# Strange Spots on Cichlid - Diagnostic help needed



## mark4785 (12 Aug 2012)

I have recently opened a thread (found here: http://ukaps.org/forum/viewtopic.php?f=50&t=22841 ) in which co2 issues have lead to unfortunate stress on my tank inhabitants due to increased pressures to increase co2 injection rates in order to keep plants thriving. It would appear that my German Blue Ram has developed a disease. I have a good idea of what it is but I was wondering if somebody else could chip in and say what they think is wrong with the fish.

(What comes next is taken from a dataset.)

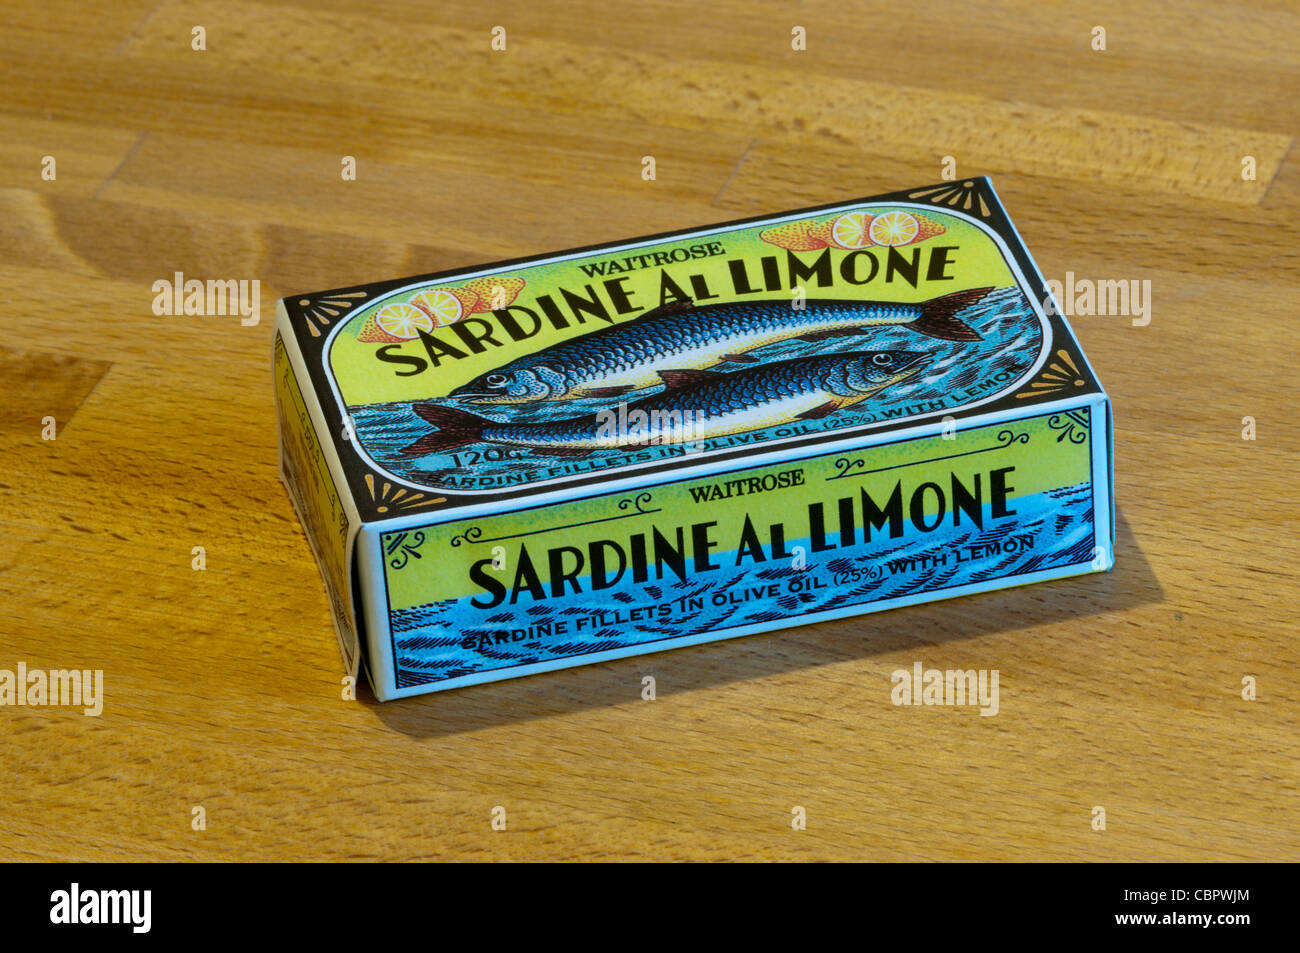 Une boîte non ouverte de Waitrose al Limone - Sardines filets de sardines à l'huile d'olive au citron. Banque D'Images
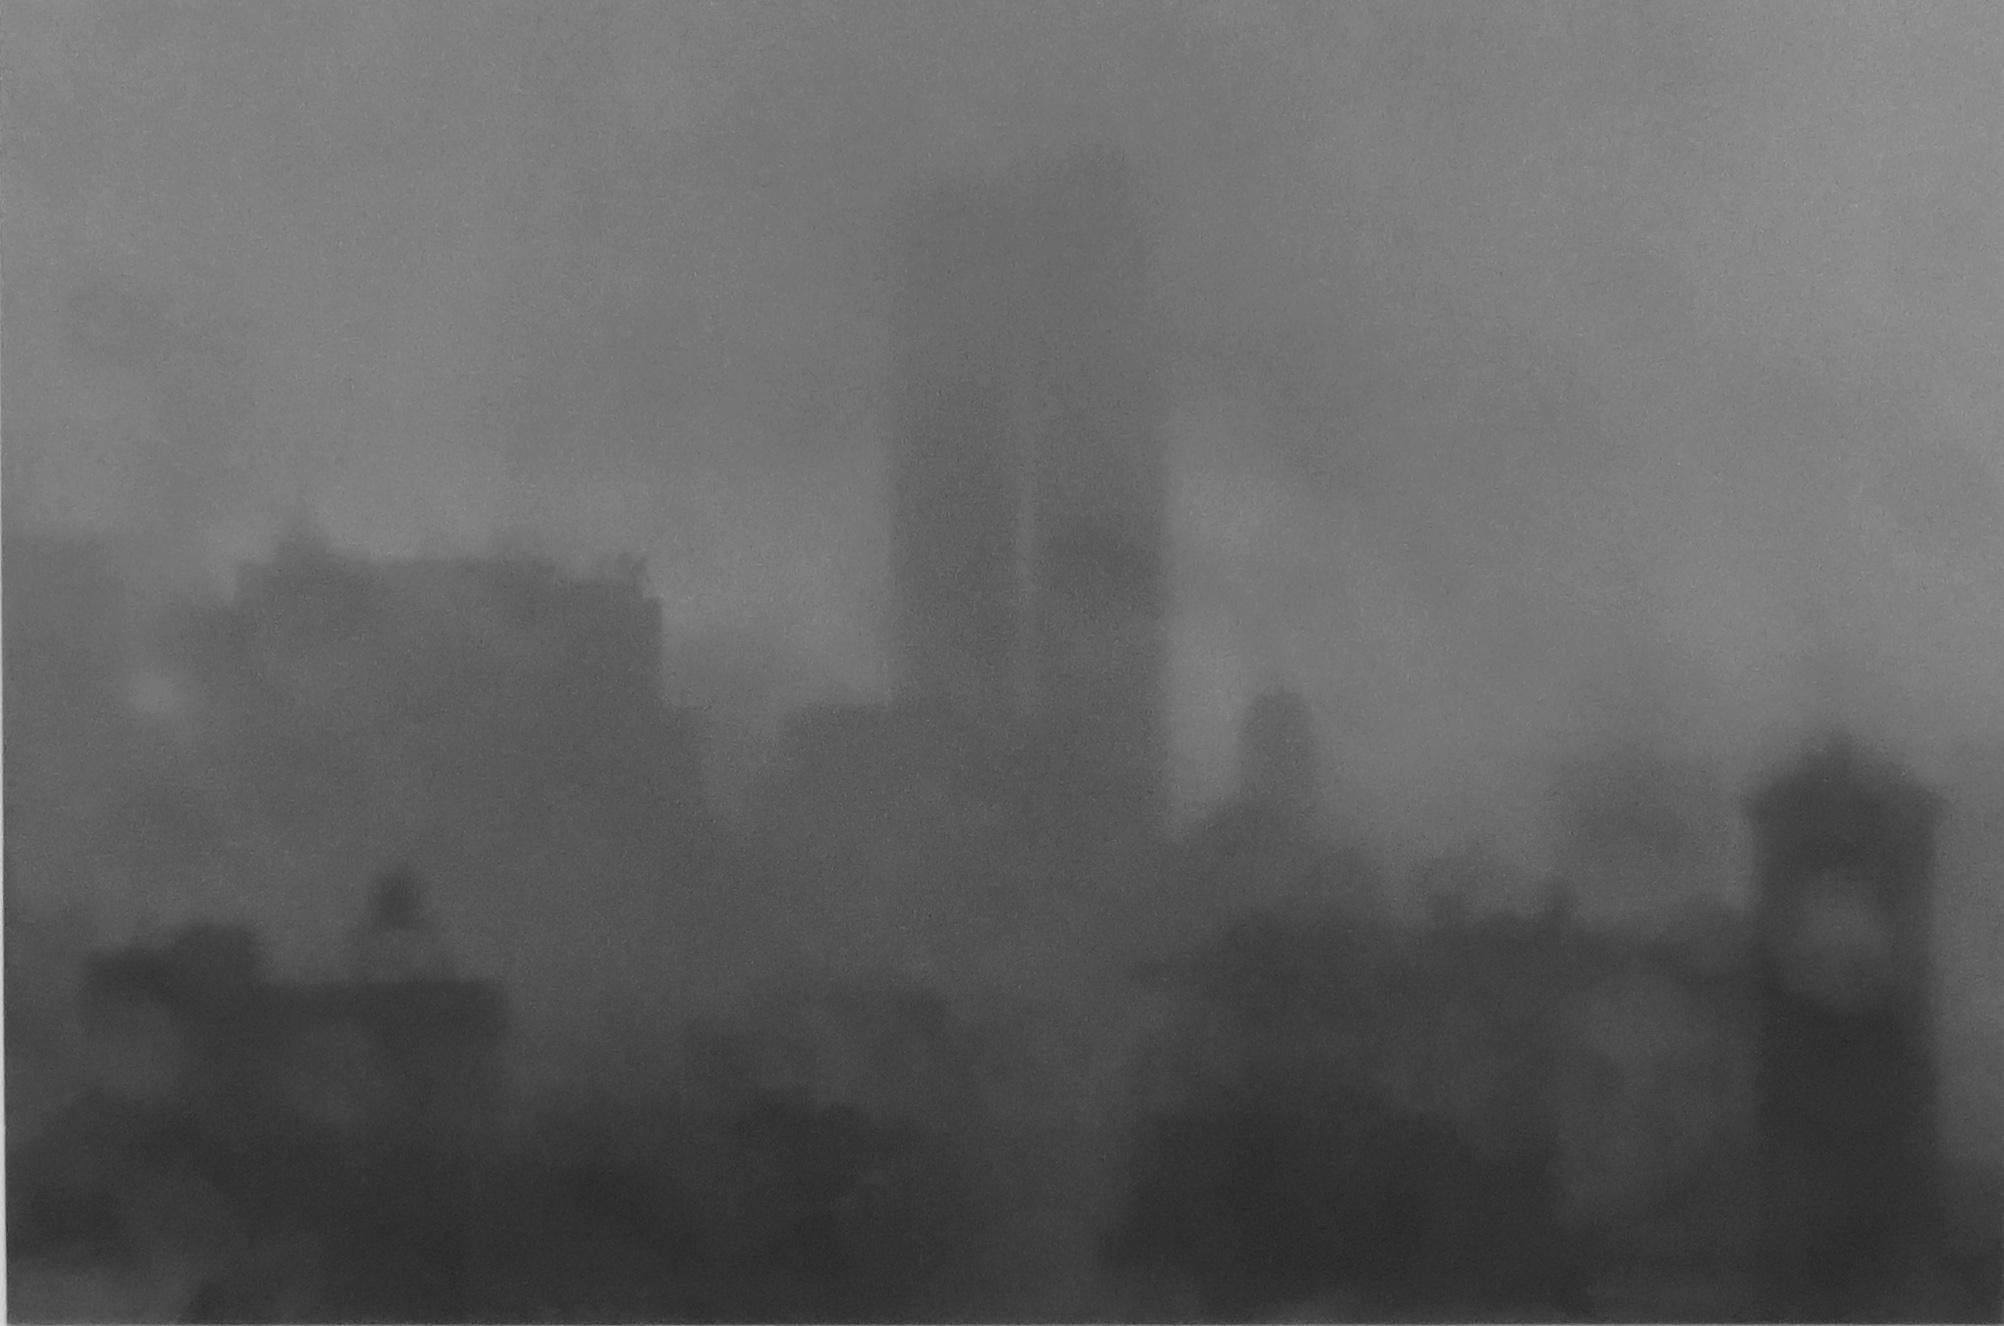 Wolf von dem Bussche Black and White Photograph – Washington Square mit Trade Center Towers II

Here is a picture of the ill fish:






The spot on the face is on both sides in the exact same position.


----------



## Danny (13 Aug 2012)

All I can see is the metallic blue colouring? If that is what you mean it is natural colouration.


----------



## nry (13 Aug 2012)

As above, I see a really nice looking ram with lovely blue spots   Like this:

http://tropicalfishandaquariums.com/Dwa ... mBlue1.jpg


----------



## RudeDogg1 (13 Aug 2012)

a nice little female


----------



## GHNelson (13 Aug 2012)

Hi
Above the left eye there is a mark/spot/lump.
hoggie


----------



## mark4785 (13 Aug 2012)

hogan53 said:
			
		

> Hi
> Above the left eye there is a mark/spot/lump.
> hoggie



The rest of the ram is fine, but has Hogan said, theres a white spot above the eye. The exact same spot is in existence on the other side of the fish in the same place.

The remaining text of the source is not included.